We are survivors. We deal with some pretty heavy stuff. And we come out on top in ways that the public may not understand or appreciate. We have to acknowledge the hard work. We want recognition for our accomplishments, great or small. Sometimes it’s just getting out of bed, or making a successful effort in therapy. Other times it’s getting the shopping done. One of us earns a degree or lands a new job. Someone has a gallery showing, while another feeds the dog. Real lives lived because we matter. Positive results that we need to highlight. That’s true pride. That’s us.

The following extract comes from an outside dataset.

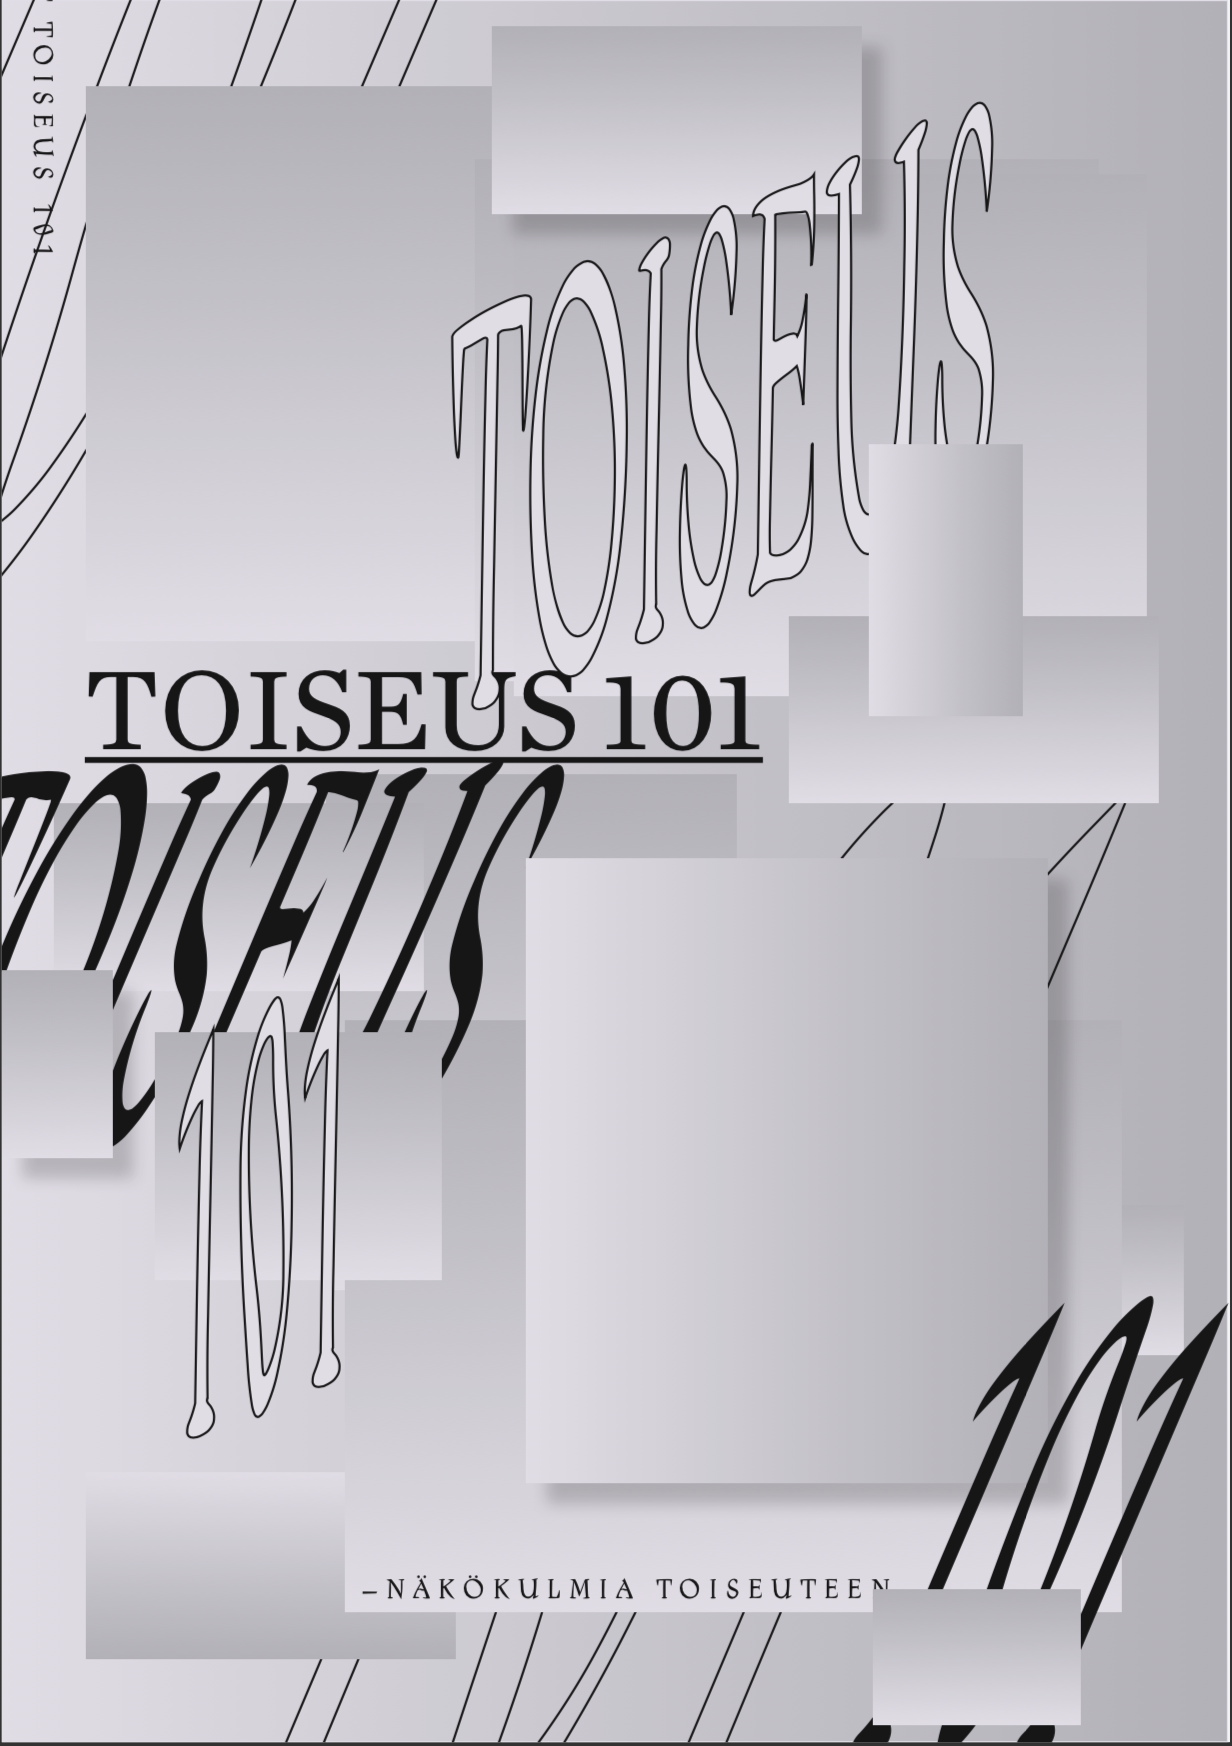 picture of the toiseus 101 - publication

We’re not in this alone. It’s our job to learn everything we can about our diagnoses, maintain our mental health, and then offer support to one another. From there we can join together through our shared stories, create an ongoing conversation, and build a saner scene for ourselves in the immediate future, and for coming generations as well. Our combined experience, strength, and hope can help bring change to mind, and isn’t that the point? Call me crazy, but I’m a believer. We’re a strong community. Anything is possible.


  • Linda says:

    Always enjoy reading your stories Henry. They help me with my family member. Thanks

    • Henry Boy says:

      You’re welcome, Linda! I write for BC2M because I want to help people in whatever way I can. I am so glad to hear that my writing helps you. Thank you very much.

  • Carol S. says:

    My hero, Henry ♡ This is not my first ride on the roller coaster . Several family members (my grandmother, auntie, uncle, my child and I ) have had varying issues with mental illness. It’s only since my child became ill that , in retrospect, I recognized what they were going through. It was never spoken of back then. I’ve dealt with depression & anxiety for many years. In speaking out, realize I’m far from alone. I will never be silent. Our lives are too precious for shame over an illness. We are warriors! To get out of bed each day is an act courage for many.Keep shining that light!

    • Henry Boy says:

      “Our lives are too precious for shame over an illness.” This is so true, Carol. We’ve come a long way as a community, but we can still go so much further. My best to you and your child!

  • Lisa says:

    Wonderful! Thank you for having the courage to share your story.

  • Jeff M says:

    Good stuff, Henry! I’m grateful that I get to see your story unfold in real time.

  • Gerry says:

    Thank you so much I have two children with schizophrenia and you remind me how special and brave you all are. Please keep blogging, my kids cant stay focused long enough to read, but your blogs help me be a better support to them.

    • Henry Boy says:

      You’re welcome, Gerry—and thank you for commenting. I always hope that family members read my blog because I feel that that connection is the strongest one to make.

  • Leslie o says:

    Wow! So insightful, articulate, and encouraging! Thanks for sharing your life with us.

    • Henry Boy says:

      Thank you, Leslie. Writing is how I can be helpful. Sharing is so important. Our stories and conversations make a difference. Cheers!

  • Lorri says:

    Henry, when you do work, what type of work do you do? You are obviously a talented writer. I enjoy reading your blog posts. You give me hope.

  • Henry Boy says:

    Lorri—when I was employed it was in retail. Eventually, my immediate short term memory loss and hearing voices got to be too much to control in the work environment. I was taking too much time off work after suffering through panic attacks and hospitalizations. Delusions of reference were the final straw, seeing things that weren’t there, assuming the behavior of my coworkers to be other than it was, paranoid thinking, indecision, and agoraphobia complicating things further. The Human Resources department helped me in my decision to leave work and pursue disability, which has allowed me the time to write and contribute, and afforded me a calmer approach to life and how I manage it.

    Thank you for your comment. Hope is what we have, and I’m glad to be a part of something tangibly changing people’s lives. I find meaning in writing the blog and I believe in the work of BC2M. Thanks again. Stay strong!